*Exercise*
Reproduce verbatim the line where "220514-Hunter Rugby Round" occurs, along with all following lines down to the last line of the data.

Items listed in a dataset:
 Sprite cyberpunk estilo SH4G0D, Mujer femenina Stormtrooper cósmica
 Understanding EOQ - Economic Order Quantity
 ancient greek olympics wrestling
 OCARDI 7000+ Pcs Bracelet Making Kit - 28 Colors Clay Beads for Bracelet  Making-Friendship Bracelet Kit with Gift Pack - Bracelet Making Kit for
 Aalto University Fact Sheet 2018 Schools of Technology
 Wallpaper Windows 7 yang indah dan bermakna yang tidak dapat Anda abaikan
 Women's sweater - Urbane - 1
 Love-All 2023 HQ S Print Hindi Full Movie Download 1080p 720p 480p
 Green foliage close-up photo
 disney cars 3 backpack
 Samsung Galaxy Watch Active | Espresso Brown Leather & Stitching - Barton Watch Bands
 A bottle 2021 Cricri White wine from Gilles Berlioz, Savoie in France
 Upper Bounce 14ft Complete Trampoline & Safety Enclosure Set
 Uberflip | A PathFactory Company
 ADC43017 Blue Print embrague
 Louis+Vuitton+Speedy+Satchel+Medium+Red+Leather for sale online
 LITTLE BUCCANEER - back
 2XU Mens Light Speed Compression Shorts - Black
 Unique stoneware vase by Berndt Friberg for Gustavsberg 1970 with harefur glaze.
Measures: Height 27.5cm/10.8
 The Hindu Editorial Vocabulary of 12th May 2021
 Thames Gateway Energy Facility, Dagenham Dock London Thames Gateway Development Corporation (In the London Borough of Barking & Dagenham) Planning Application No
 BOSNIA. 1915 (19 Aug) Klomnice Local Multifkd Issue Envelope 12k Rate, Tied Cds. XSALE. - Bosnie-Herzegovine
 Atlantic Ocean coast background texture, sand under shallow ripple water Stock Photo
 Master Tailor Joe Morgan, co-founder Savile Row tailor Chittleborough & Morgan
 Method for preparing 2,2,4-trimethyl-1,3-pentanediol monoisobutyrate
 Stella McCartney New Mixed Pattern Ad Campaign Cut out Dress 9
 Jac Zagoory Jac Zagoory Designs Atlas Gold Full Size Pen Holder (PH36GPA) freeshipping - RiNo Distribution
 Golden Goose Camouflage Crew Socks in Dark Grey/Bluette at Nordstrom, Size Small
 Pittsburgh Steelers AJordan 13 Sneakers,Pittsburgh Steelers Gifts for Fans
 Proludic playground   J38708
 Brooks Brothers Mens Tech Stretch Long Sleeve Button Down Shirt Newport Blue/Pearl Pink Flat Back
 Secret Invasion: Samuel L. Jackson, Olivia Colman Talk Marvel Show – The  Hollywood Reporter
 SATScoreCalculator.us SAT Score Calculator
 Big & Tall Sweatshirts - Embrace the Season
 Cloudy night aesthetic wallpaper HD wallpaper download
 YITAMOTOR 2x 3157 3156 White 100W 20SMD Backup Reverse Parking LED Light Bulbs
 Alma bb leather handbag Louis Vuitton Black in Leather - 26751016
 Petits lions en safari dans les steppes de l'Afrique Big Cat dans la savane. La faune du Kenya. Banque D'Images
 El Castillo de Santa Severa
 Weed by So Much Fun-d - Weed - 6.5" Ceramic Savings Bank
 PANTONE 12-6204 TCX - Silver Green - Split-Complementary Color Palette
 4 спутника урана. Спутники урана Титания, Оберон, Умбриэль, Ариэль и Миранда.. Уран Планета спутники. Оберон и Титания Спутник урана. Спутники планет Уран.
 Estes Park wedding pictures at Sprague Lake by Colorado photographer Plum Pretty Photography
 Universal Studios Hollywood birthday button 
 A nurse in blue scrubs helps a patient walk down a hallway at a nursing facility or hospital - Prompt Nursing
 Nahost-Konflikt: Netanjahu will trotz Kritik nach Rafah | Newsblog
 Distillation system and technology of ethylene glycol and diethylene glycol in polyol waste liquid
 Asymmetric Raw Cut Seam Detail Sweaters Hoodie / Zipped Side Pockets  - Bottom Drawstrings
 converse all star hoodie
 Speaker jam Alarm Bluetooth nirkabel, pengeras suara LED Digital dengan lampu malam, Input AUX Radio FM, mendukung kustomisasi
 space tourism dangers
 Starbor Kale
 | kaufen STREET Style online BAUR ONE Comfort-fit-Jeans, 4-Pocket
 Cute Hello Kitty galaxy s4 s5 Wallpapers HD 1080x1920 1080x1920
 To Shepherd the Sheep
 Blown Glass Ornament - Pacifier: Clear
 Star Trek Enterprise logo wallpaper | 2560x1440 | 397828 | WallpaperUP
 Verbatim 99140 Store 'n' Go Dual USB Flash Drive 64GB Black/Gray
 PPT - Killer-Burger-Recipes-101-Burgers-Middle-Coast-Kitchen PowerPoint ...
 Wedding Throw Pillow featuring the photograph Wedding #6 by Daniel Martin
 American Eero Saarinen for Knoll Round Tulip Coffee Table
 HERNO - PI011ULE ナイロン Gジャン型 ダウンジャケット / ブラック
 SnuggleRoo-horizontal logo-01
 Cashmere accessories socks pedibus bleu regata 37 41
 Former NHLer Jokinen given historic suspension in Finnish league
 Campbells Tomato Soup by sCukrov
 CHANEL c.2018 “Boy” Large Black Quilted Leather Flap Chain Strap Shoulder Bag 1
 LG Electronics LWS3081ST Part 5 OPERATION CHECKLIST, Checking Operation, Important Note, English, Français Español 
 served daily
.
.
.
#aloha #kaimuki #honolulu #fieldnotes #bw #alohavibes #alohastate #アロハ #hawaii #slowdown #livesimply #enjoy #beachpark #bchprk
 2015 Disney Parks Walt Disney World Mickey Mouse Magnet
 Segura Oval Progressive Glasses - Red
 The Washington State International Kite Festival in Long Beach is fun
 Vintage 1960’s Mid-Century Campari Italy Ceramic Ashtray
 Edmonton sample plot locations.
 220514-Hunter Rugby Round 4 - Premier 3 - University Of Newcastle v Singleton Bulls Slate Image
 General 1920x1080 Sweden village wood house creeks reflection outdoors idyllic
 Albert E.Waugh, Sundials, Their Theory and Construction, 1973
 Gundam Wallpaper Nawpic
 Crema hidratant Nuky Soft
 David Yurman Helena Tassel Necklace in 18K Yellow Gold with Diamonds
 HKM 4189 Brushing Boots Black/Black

*Worked solution*
 220514-Hunter Rugby Round 4 - Premier 3 - University Of Newcastle v Singleton Bulls Slate Image
 General 1920x1080 Sweden village wood house creeks reflection outdoors idyllic
 Albert E.Waugh, Sundials, Their Theory and Construction, 1973
 Gundam Wallpaper Nawpic
 Crema hidratant Nuky Soft
 David Yurman Helena Tassel Necklace in 18K Yellow Gold with Diamonds
 HKM 4189 Brushing Boots Black/Black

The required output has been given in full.